_What you need to do:_ Without any pictures, output the records exactly as they are.

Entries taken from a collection
=== Begin Enclosure ===
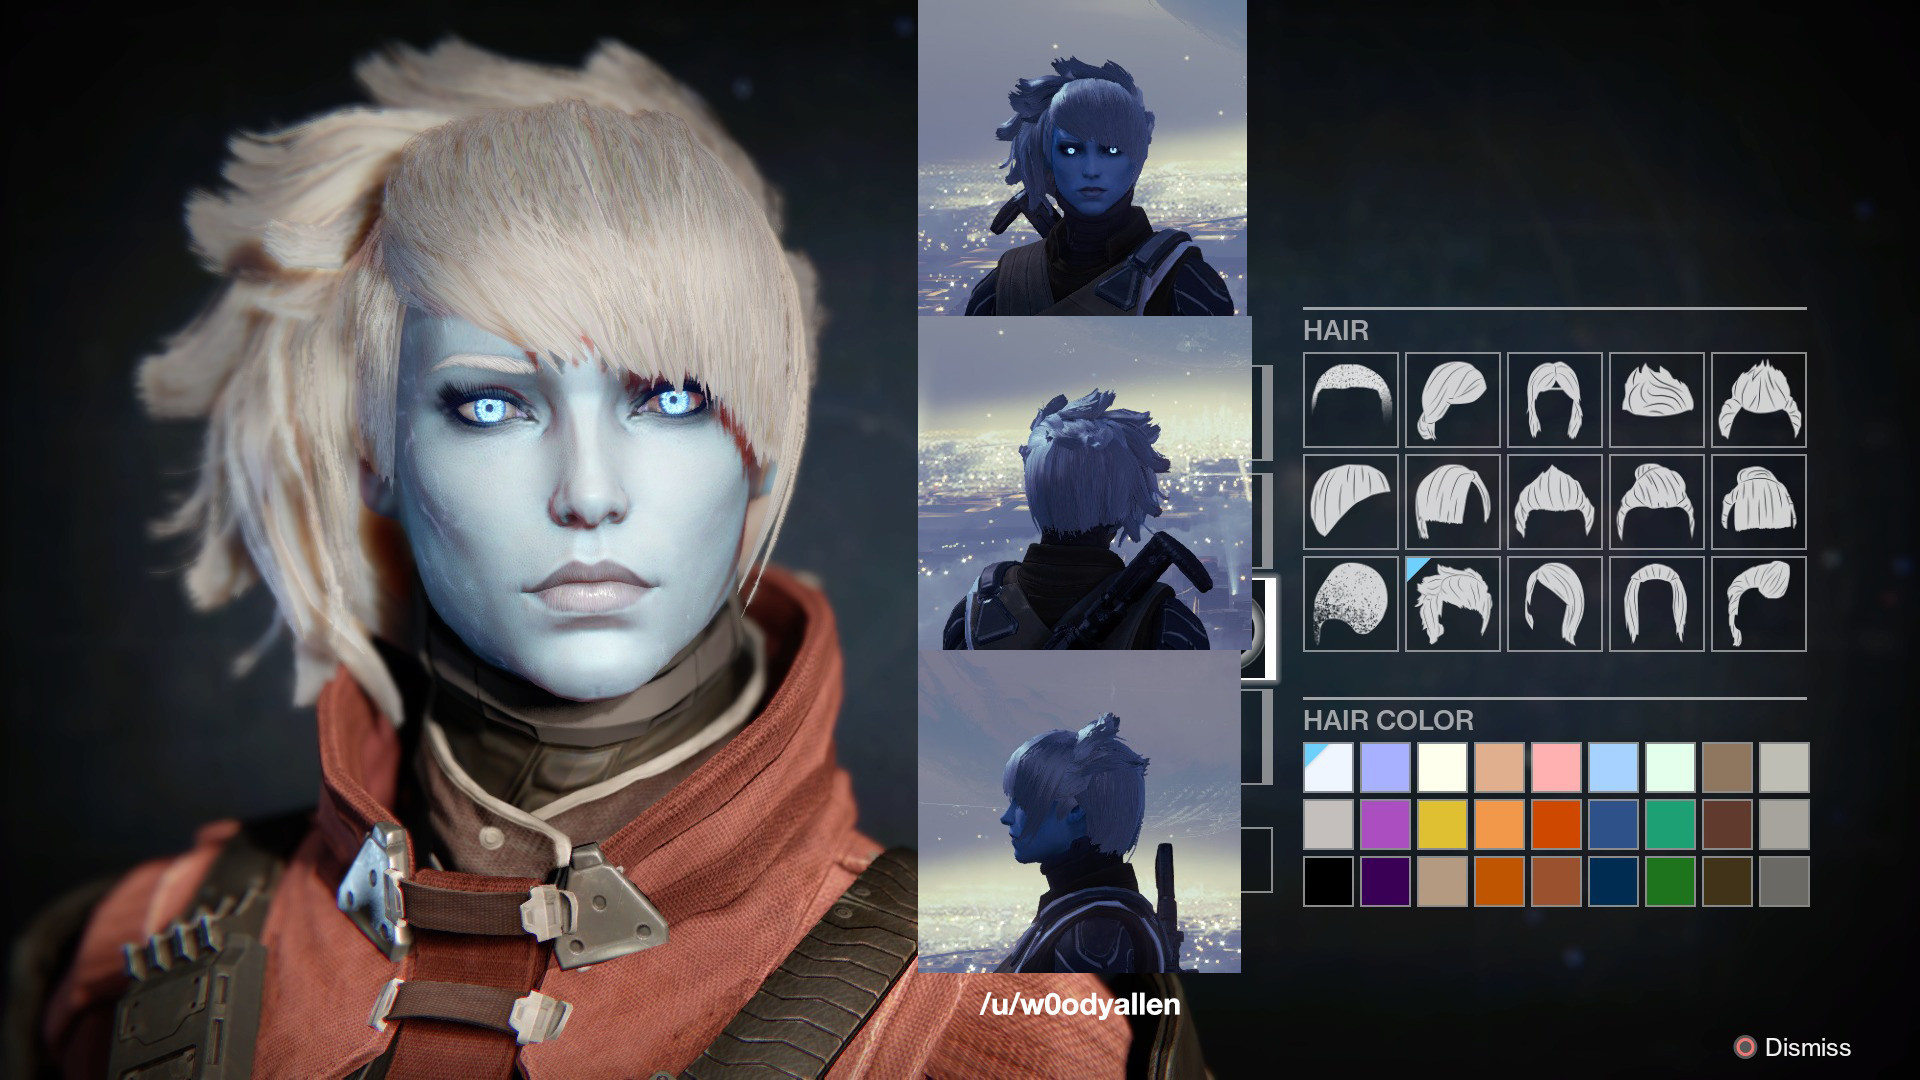 Destiny 2 Female Hairstyles
 Destiny Awoken Female Hairstyles what your hair looks
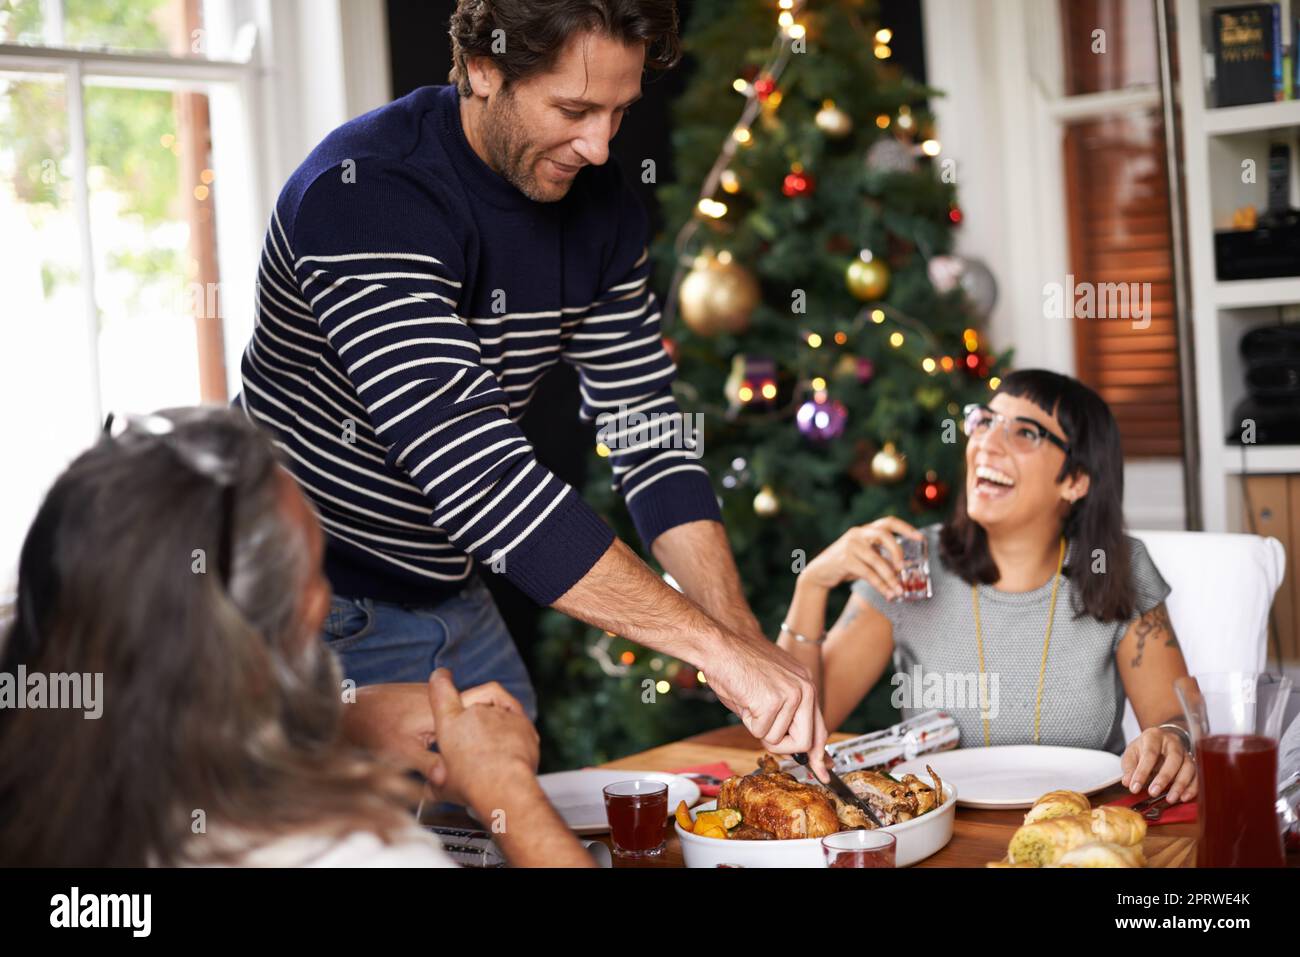 Carve faster - were hungry. a man carving a chicken on Christmas. Stock Photo
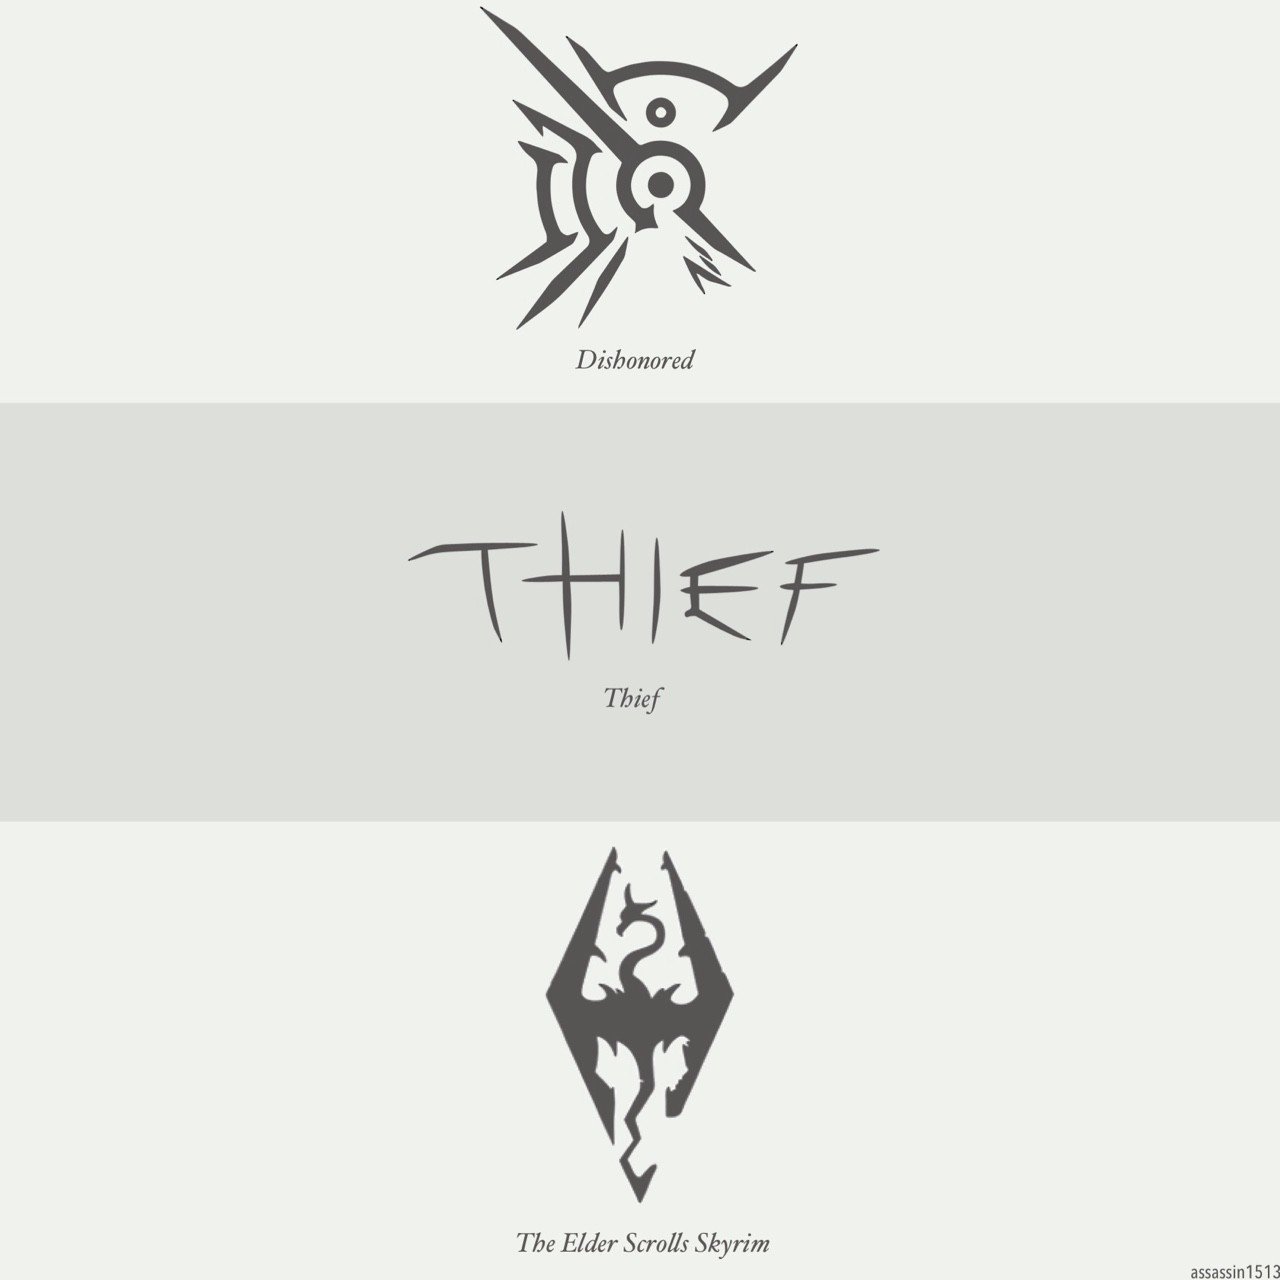 Watch the Photo by the5impleton with the username @the5impleton, who is a verified user, posted on December 14, 2017 and the text says 'assassin1513:

[Minimalistic Video Games Collection]
[Edits made by me :)] #assassins  #creed  #mirrors  #edge  #the  #witcher  #the  #elder  #scrolls  #skyrim  #deus  #ex  #half  #life  #zelda  #metal  #gear  #solid  #bioshock  #grand  #theft  #auto..'
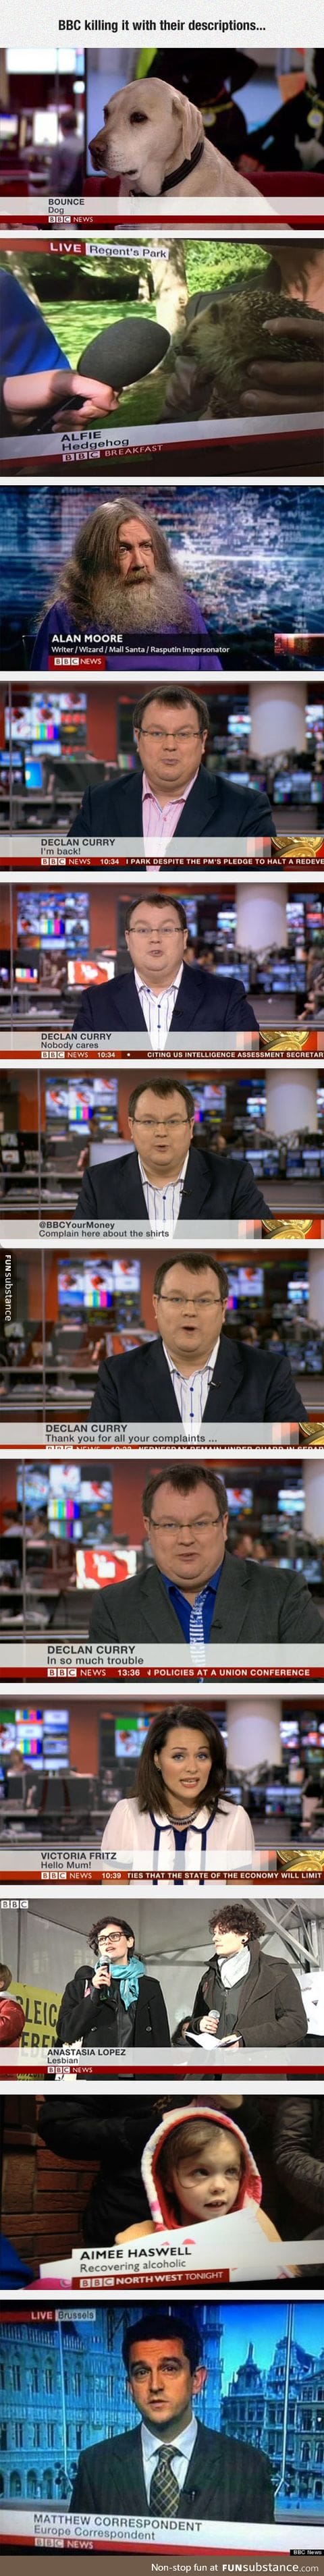 The person in charge of captions at BBC deserves a raise
=== End Enclosure ===
_Result of the task:_
 Destiny 2 Female Hairstyles
 Destiny Awoken Female Hairstyles what your hair looks
 Carve faster - were hungry. a man carving a chicken on Christmas. Stock Photo
 Watch the Photo by the5impleton with the username @the5impleton, who is a verified user, posted on December 14, 2017 and the text says 'assassin1513:

[Minimalistic Video Games Collection]
[Edits made by me :)] #assassins  #creed  #mirrors  #edge  #the  #witcher  #the  #elder  #scrolls  #skyrim  #deus  #ex  #half  #life  #zelda  #metal  #gear  #solid  #bioshock  #grand  #theft  #auto..'
 The person in charge of captions at BBC deserves a raise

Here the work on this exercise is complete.